# Maths - Conversion Quaternion to Euler - Forum

 By: Andy Goldstein - andygoldstein Corrections for Euler angles page et al   2004-01-18 01:43 Martin, I've worked through the Euler angle and quaternion pages, and the related transformations in detail, and I have some major corrections for the Euler angles page. I also have detailed derivations for some of the Euler/quaternion transformations. All this is written up as a Word document with liberal use of the equation editor. What's the best way to get this to you? Cheers - Andy
 By: Martin Baker - martinbaker RE: Corrections for Euler angles page et al   2004-01-18 09:18 Andy, Thank you very much. I will update the pages when I get it, is it also OK to include your document on the site?
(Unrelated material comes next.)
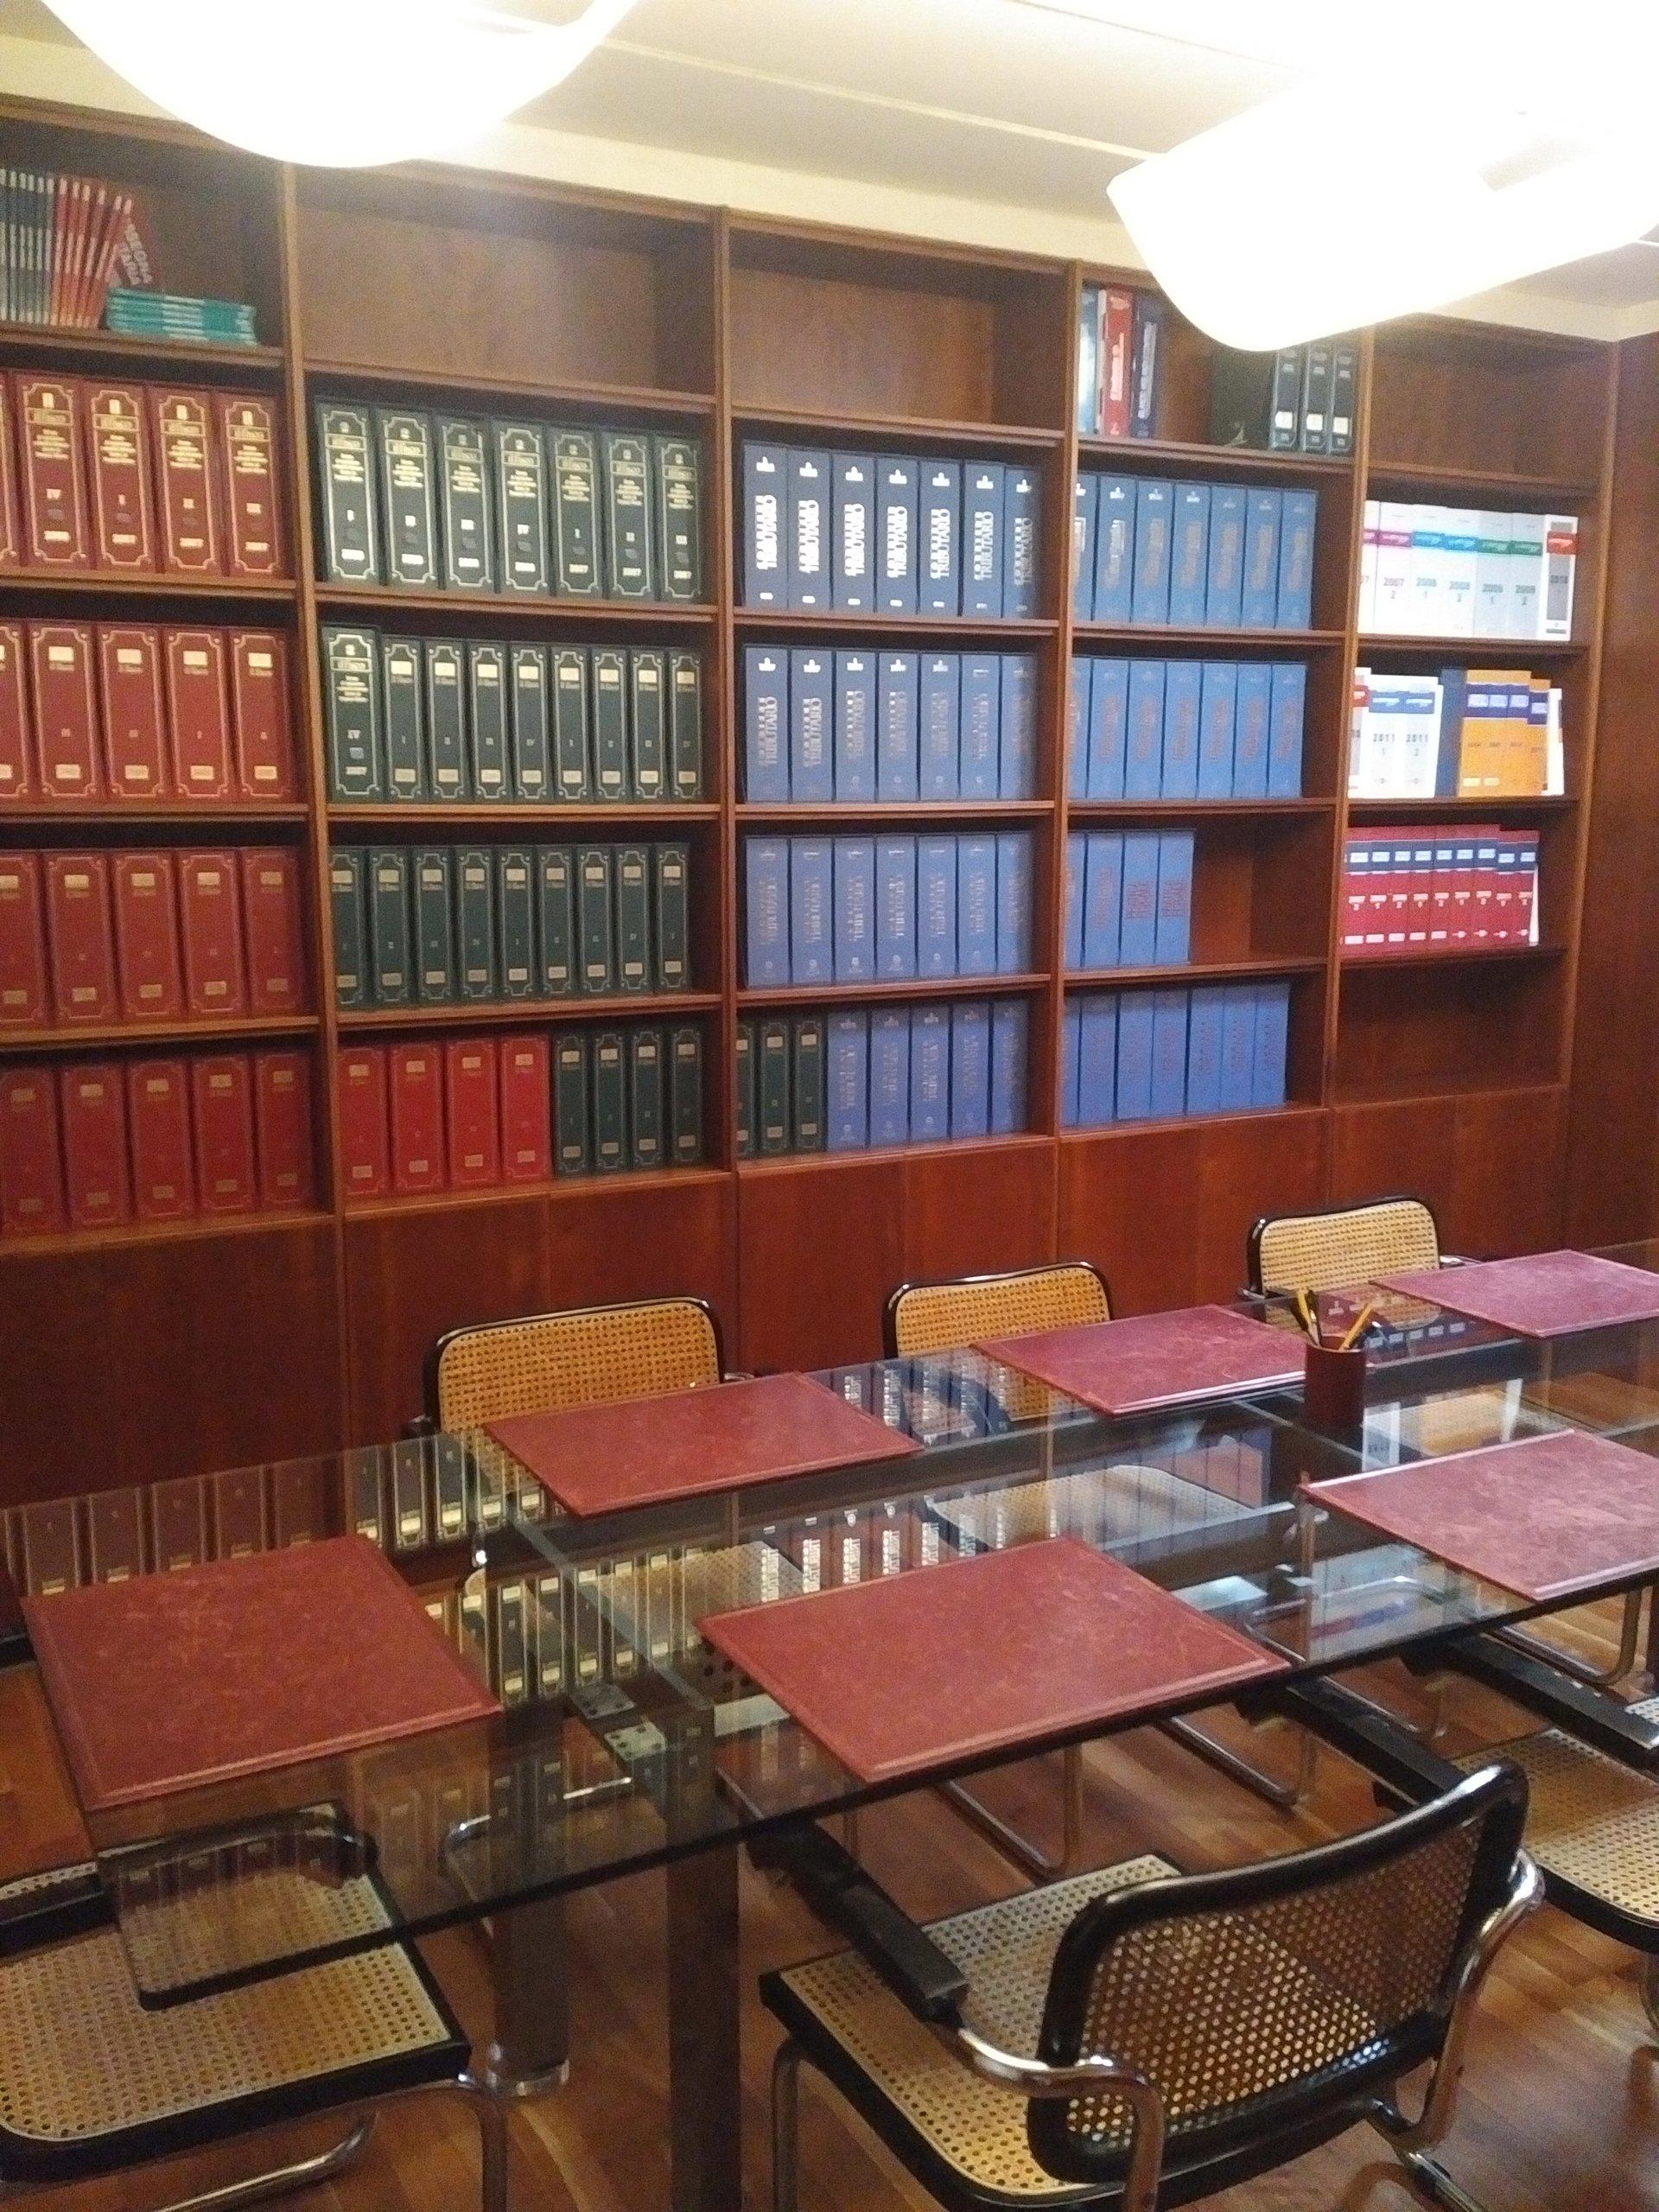 libreria con volumi legali

The latest version of word that I have is word2000, if you are using a later version I might not be able to read it, in this case would it be possible to export to HTML for me (this converts equations to gifs). Thanks, Martin
 By: Michaele Norel - minorlogic RE: Corrections for Euler angles page et al   2004-03-31 15:53 Hi Martin ! on this page https://www.euclideanspace.com/maths/geometry/rotations/conversions/quaternionToEuler/index.htm When you convert quat to euler heading = Math.atan2(2.0 * (q1.x*q1.y + q1.z*q1.w),(sqx - sqy - sqz + sqw)); bank = Math.atan2(2.0 * (q1.y*q1.z + q1.x*q1.w),(-sqx - sqy + sqz + sqw)); the "heading" and "bank" will be found correctly for for unit and nonunit quaternions too. The use asin - is not good choice at all. You can swith the "attitude" in to atan2 , if you place there the atan2( sin_attitude, cos_attitude ); just you need to find cos_attitude ( as i remember this can be found using one sqrt call) And than your code will take a nonunit quaternions too, with comparable speed.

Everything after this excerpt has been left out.